- Data section:
=-=-=-=-=

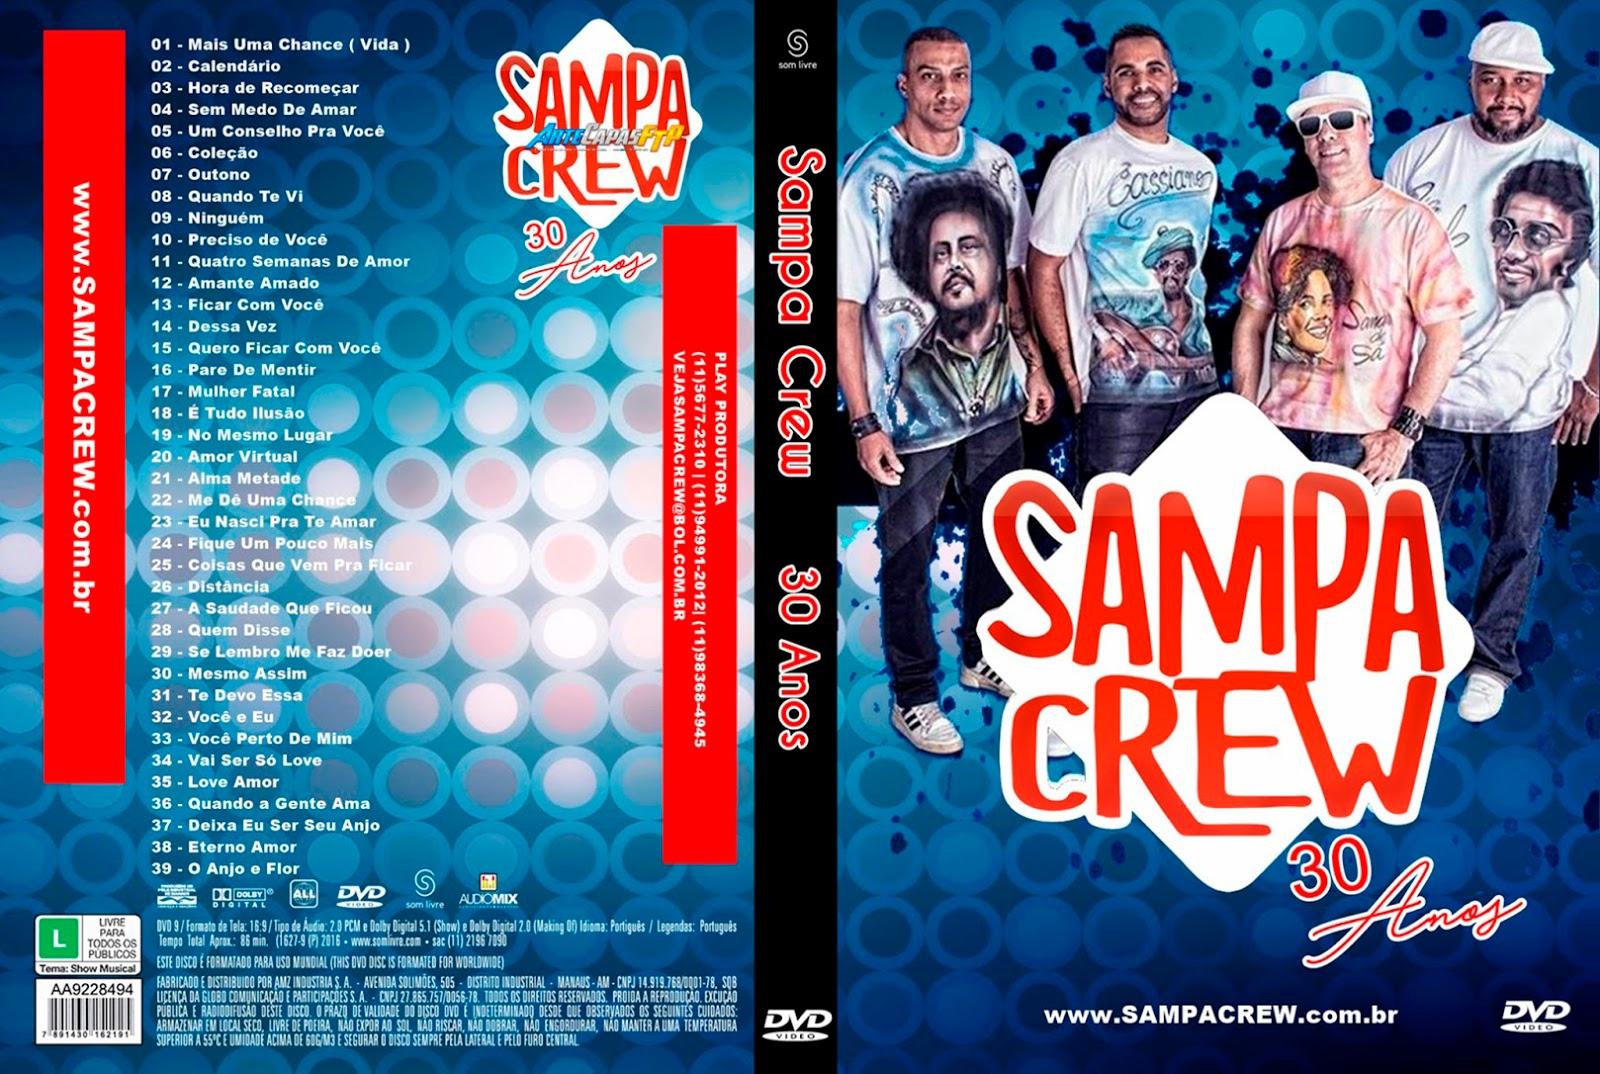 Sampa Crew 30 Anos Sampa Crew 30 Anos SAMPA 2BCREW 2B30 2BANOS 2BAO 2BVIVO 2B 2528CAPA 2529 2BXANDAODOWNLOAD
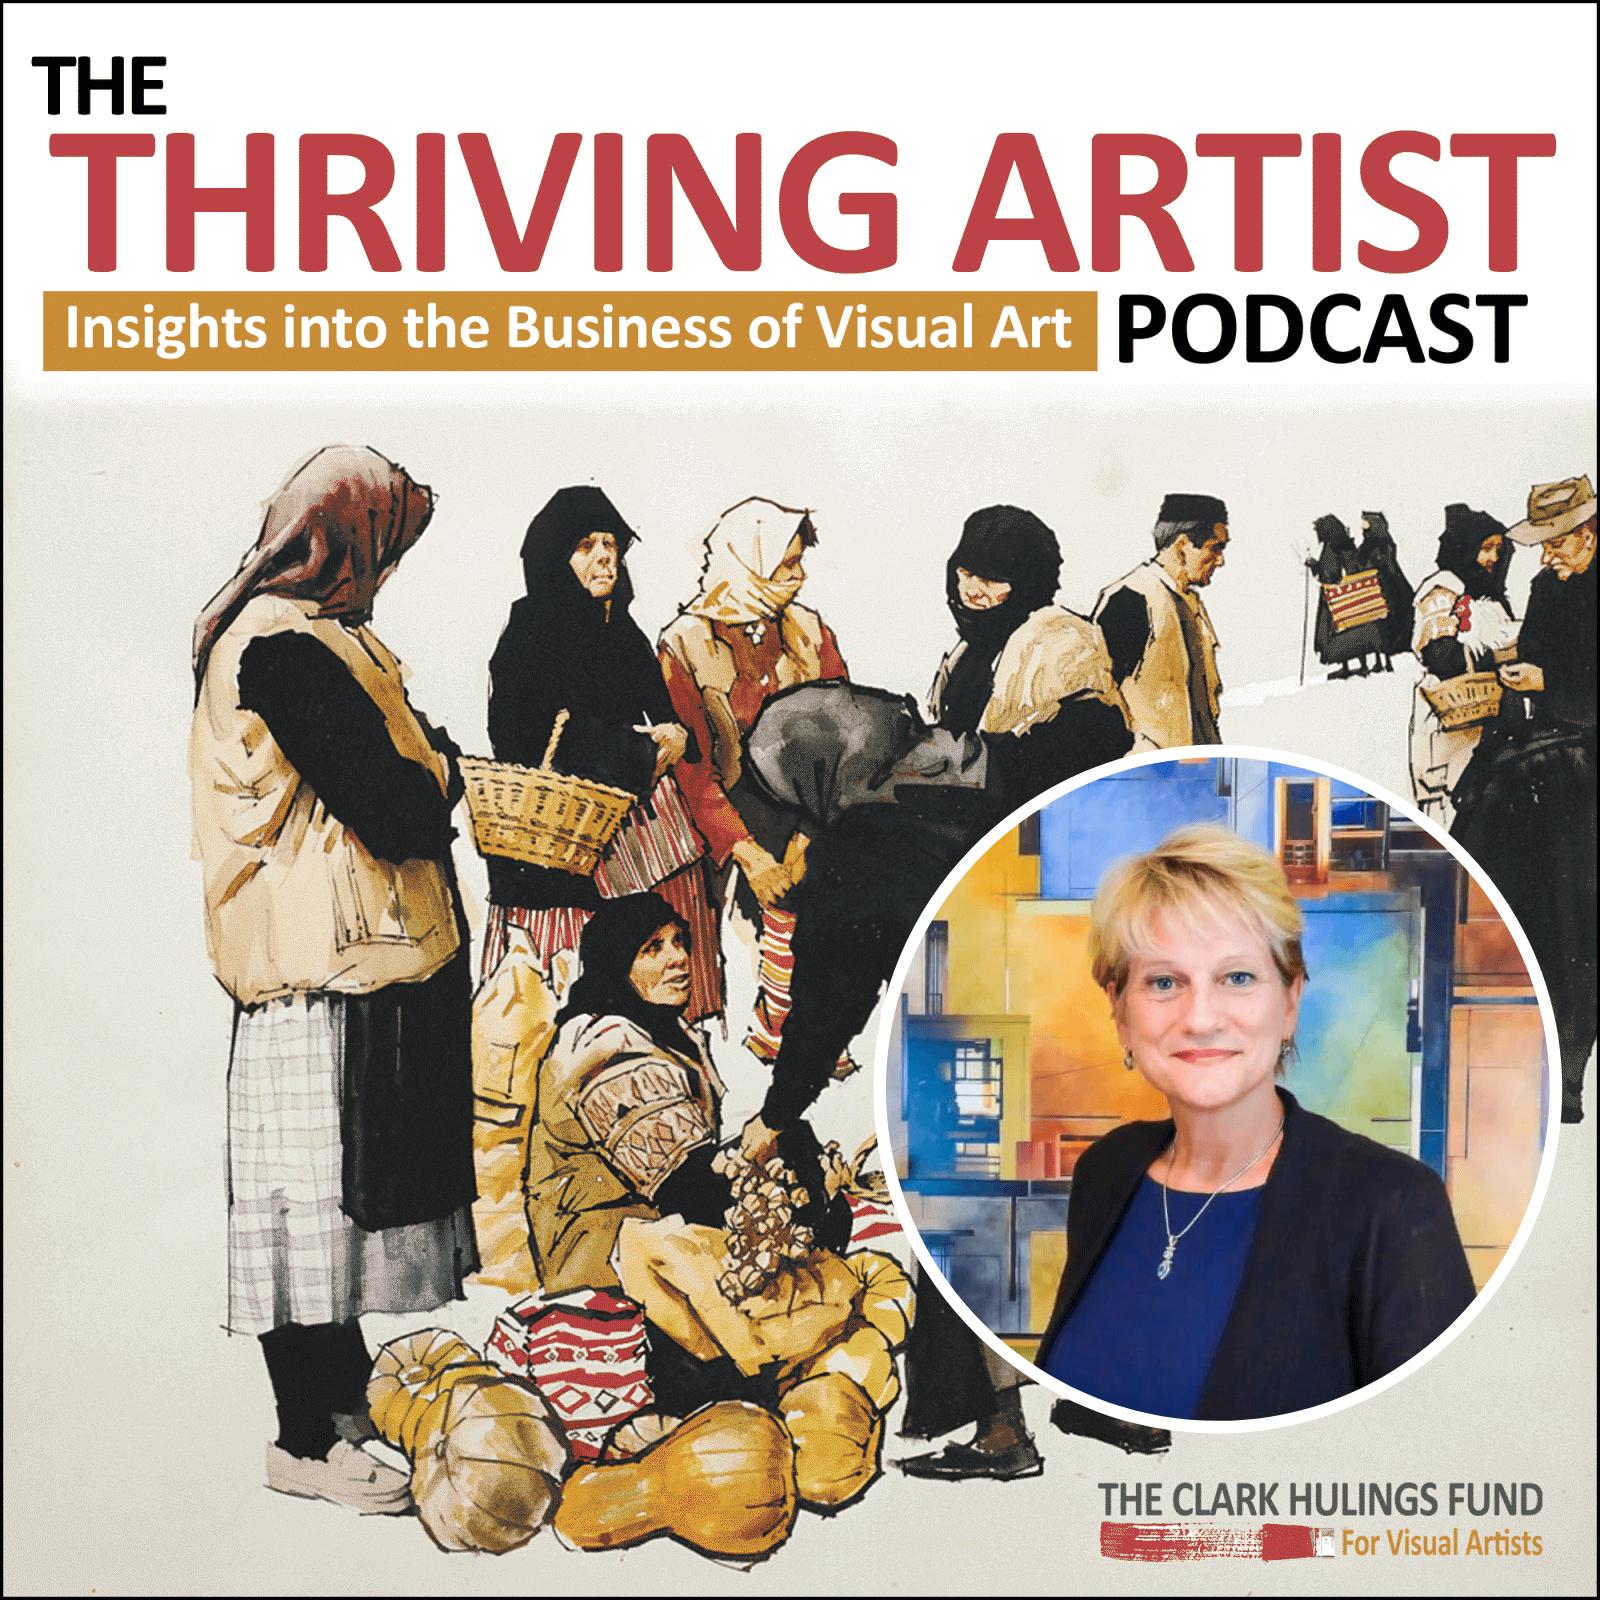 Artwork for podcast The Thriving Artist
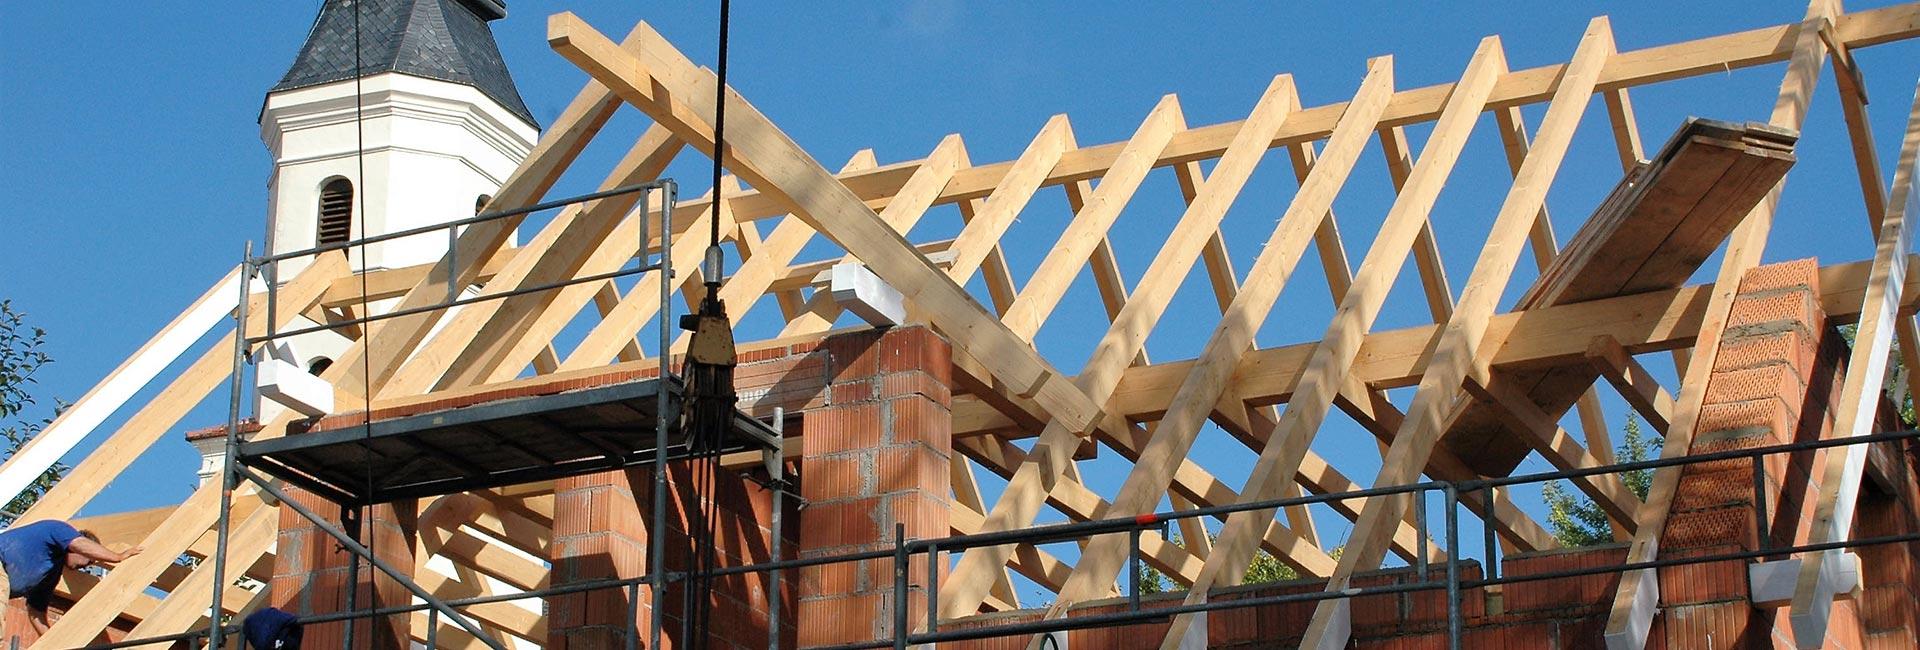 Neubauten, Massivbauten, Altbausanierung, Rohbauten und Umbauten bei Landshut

=-=-=-=-=

- Work required:
Begin at the line containing "Artwork for podcast The Thriving Artist" and write out every line to the end of the data exactly. Skip the pictures.

- Result:
 Artwork for podcast The Thriving Artist
 Neubauten, Massivbauten, Altbausanierung, Rohbauten und Umbauten bei Landshut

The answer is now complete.